» Exercise brief
A full, word-for-word copy of the listing below is needed; leave the images out of it.

» Information supplied
*-*-*

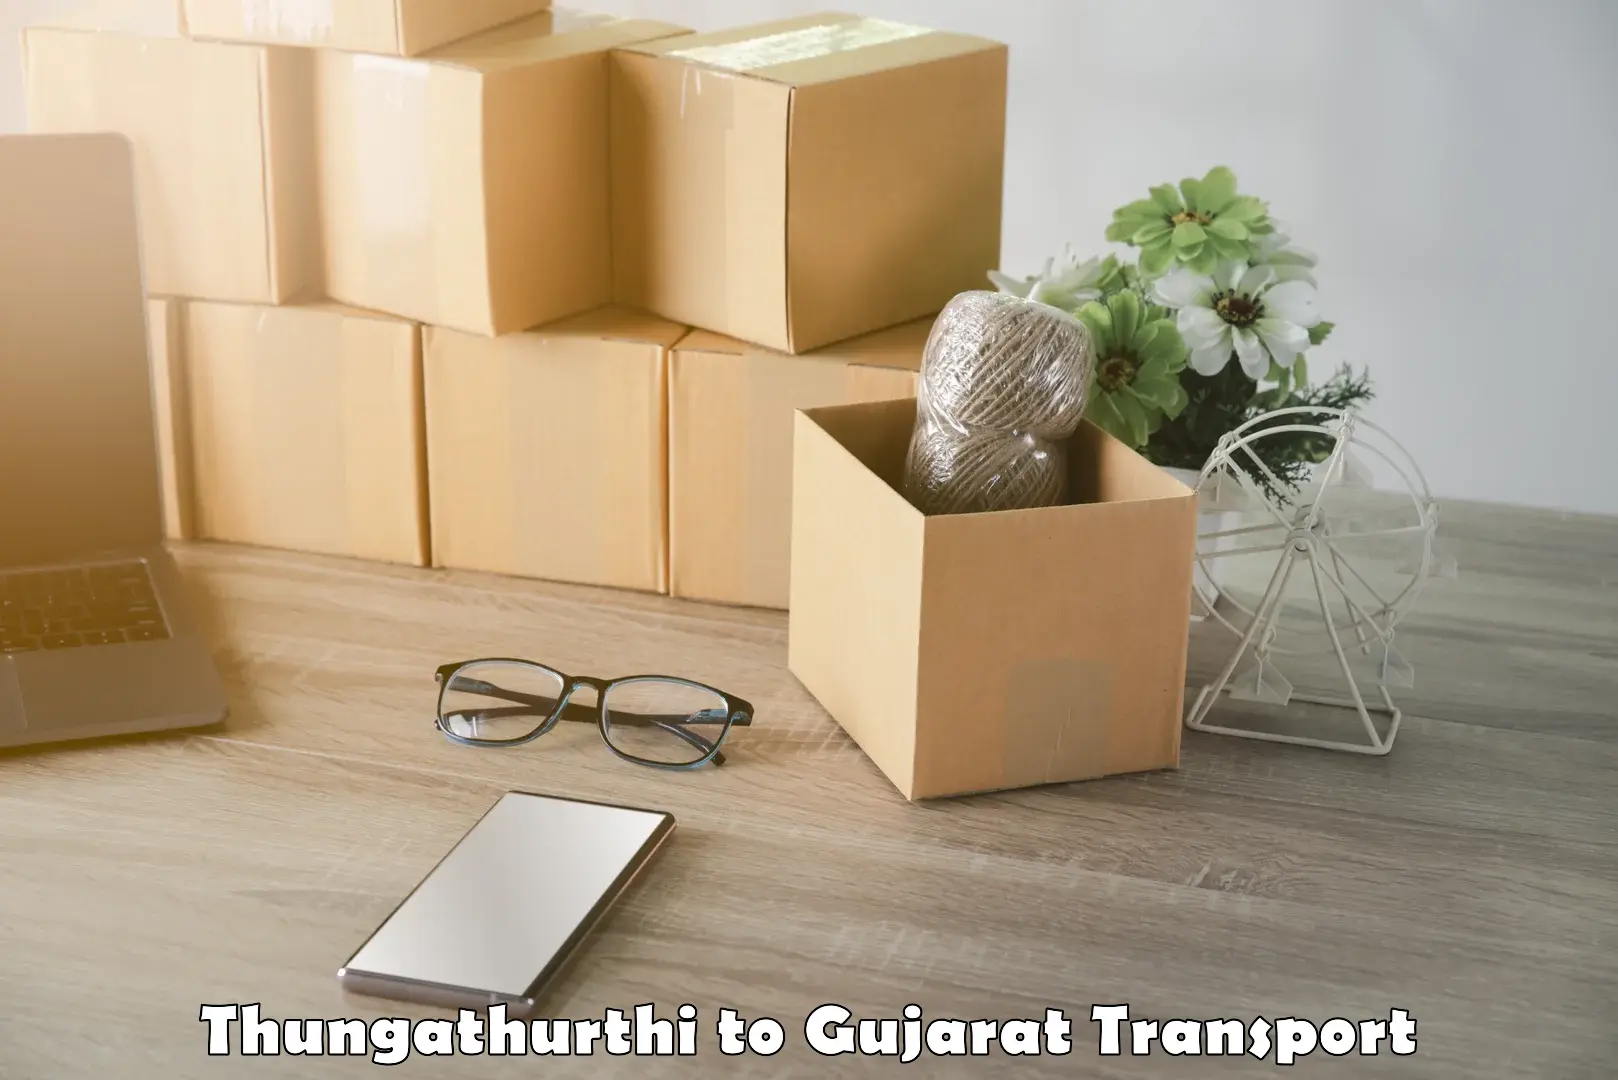 Luggage transport services Thungathurthi to Bhabhar
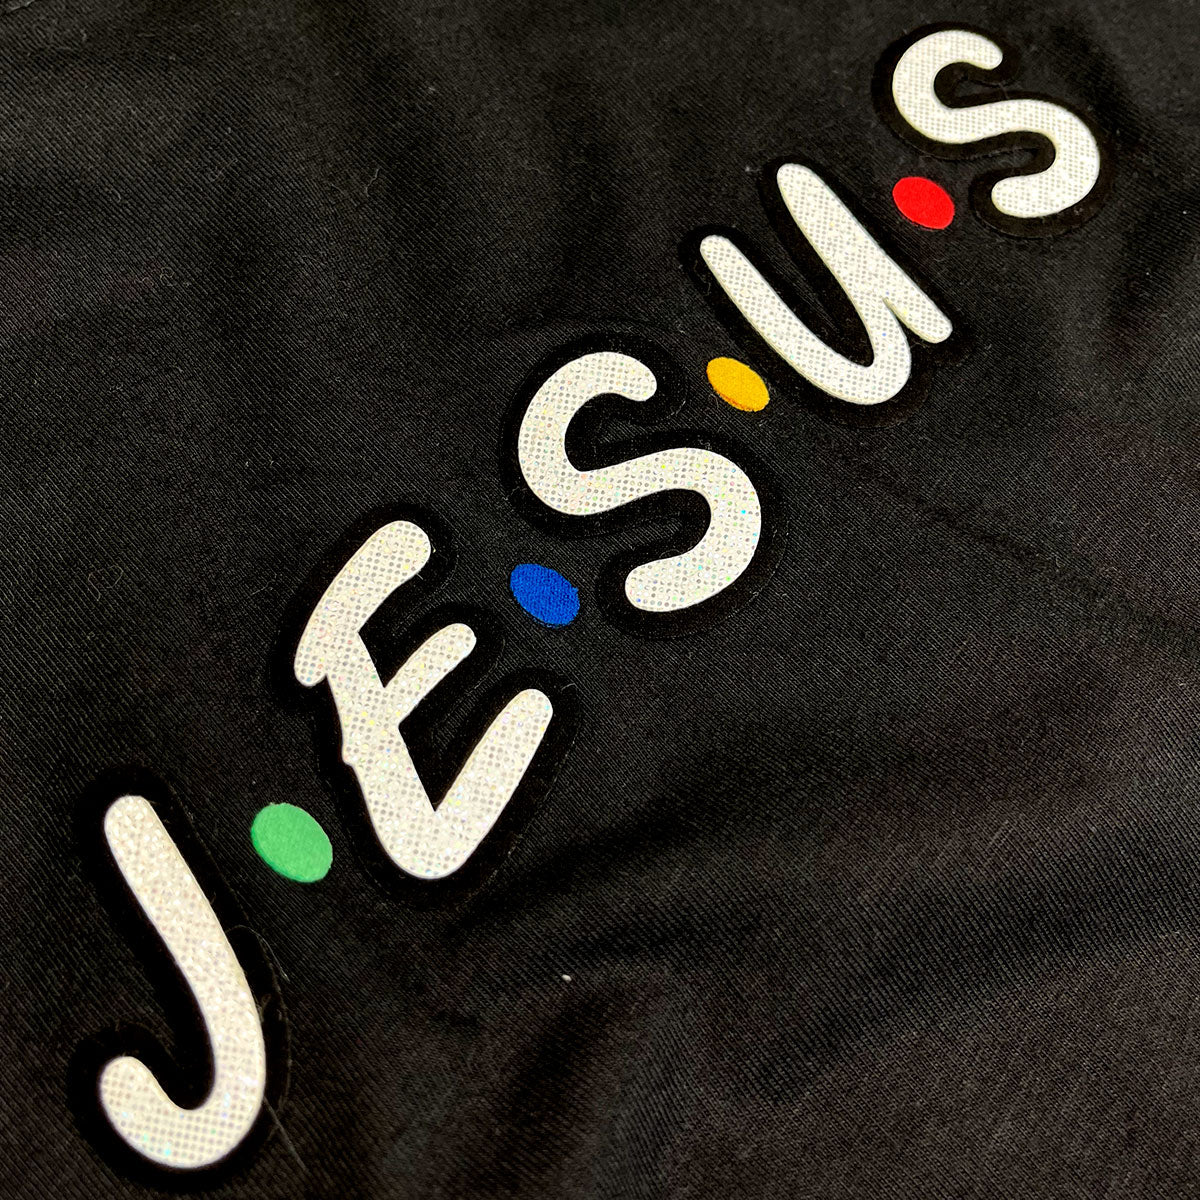 Camiseta Masculina Preta Aplique J.E.S.U.S
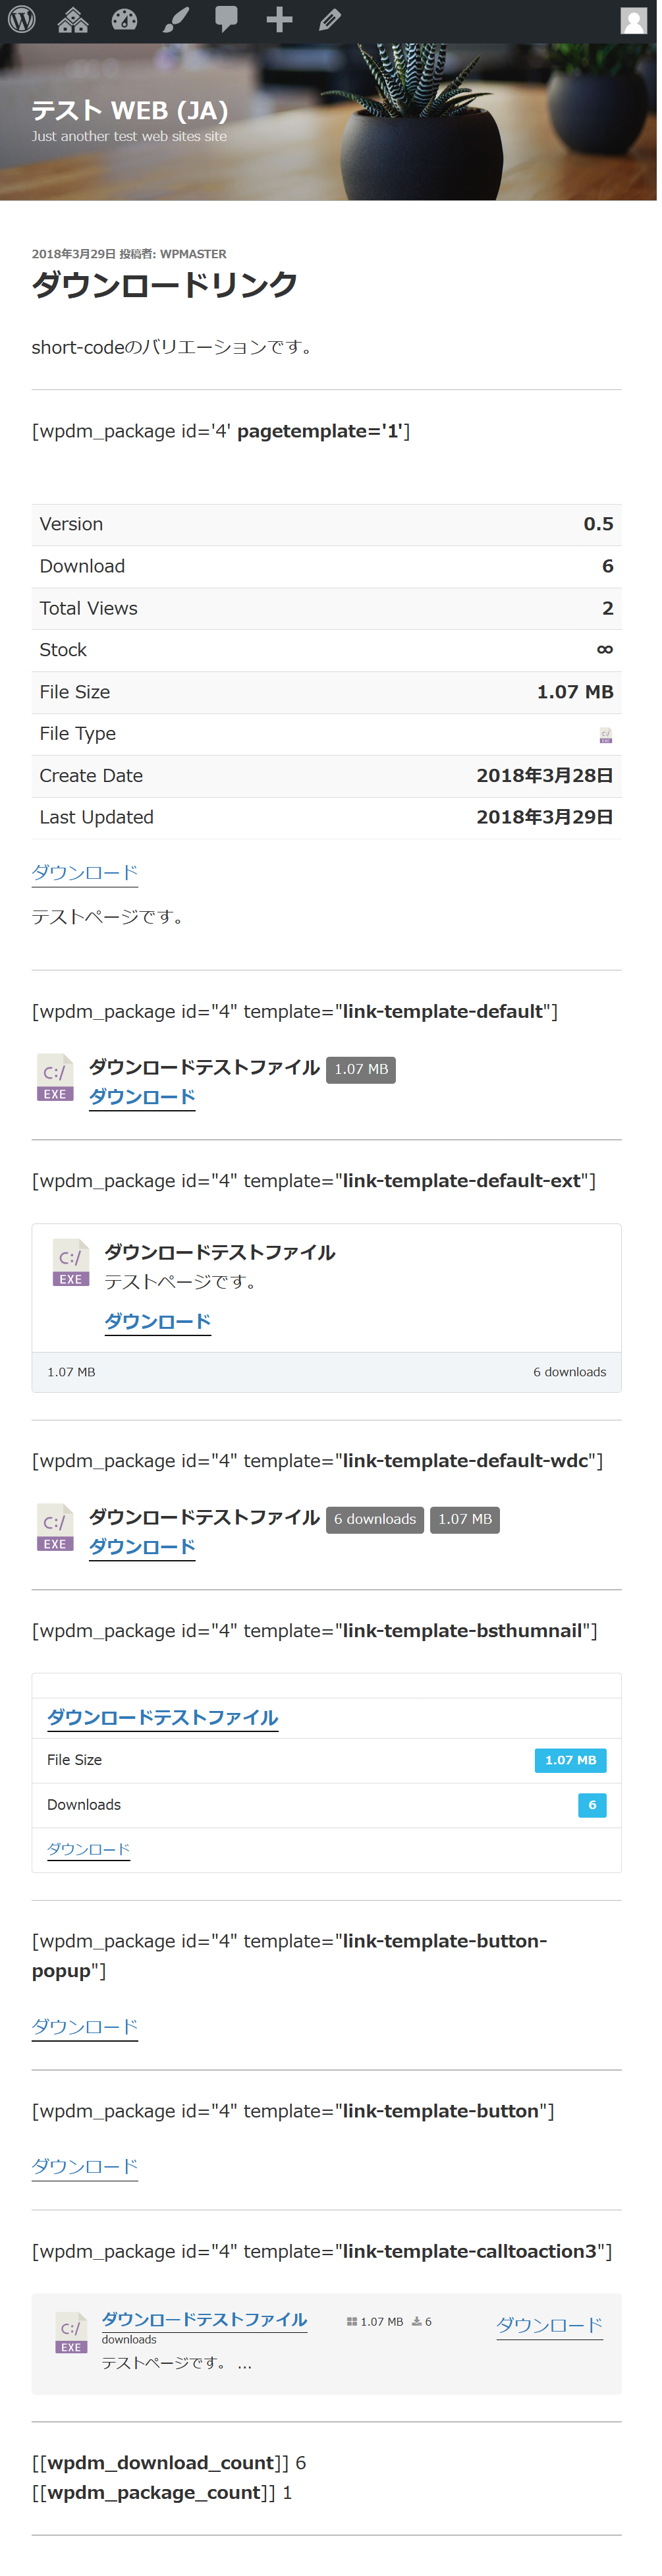 Variation of download link short-code
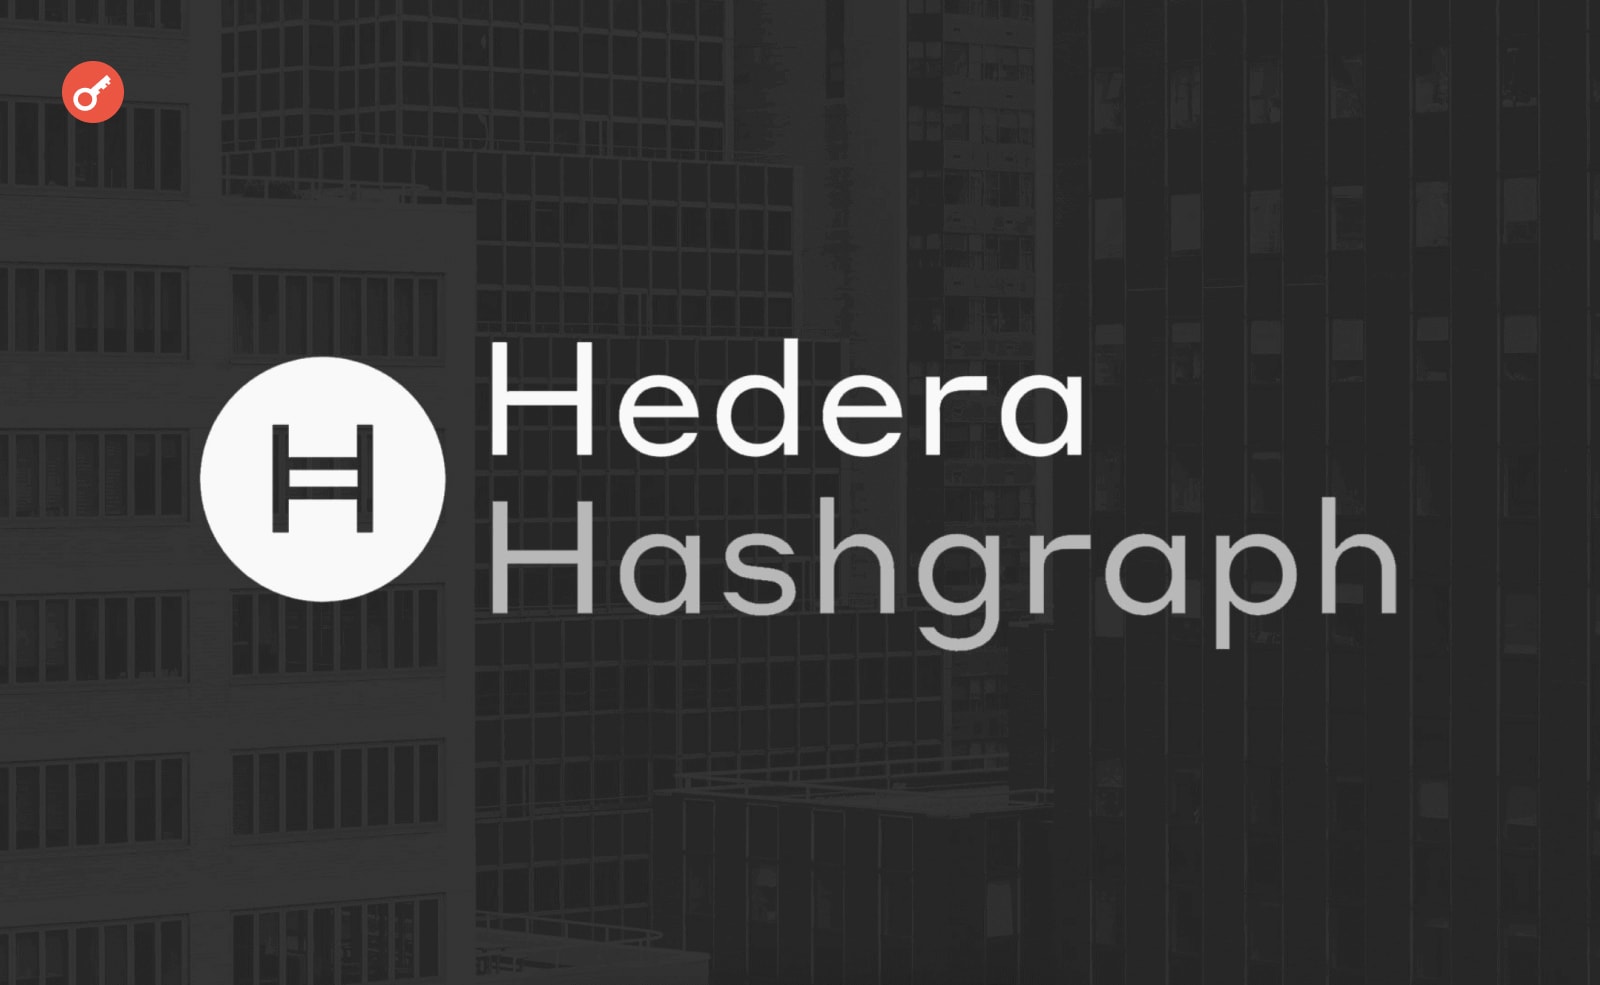 У Hedera заблокували доступ до гаманця і фірмового додатка. Головний колаж новини.

*-*-*

» Task answer
 Luggage transport services Thungathurthi to Bhabhar
 Camiseta Masculina Preta Aplique J.E.S.U.S
 Variation of download link short-code
 У Hedera заблокували доступ до гаманця і фірмового додатка. Головний колаж новини.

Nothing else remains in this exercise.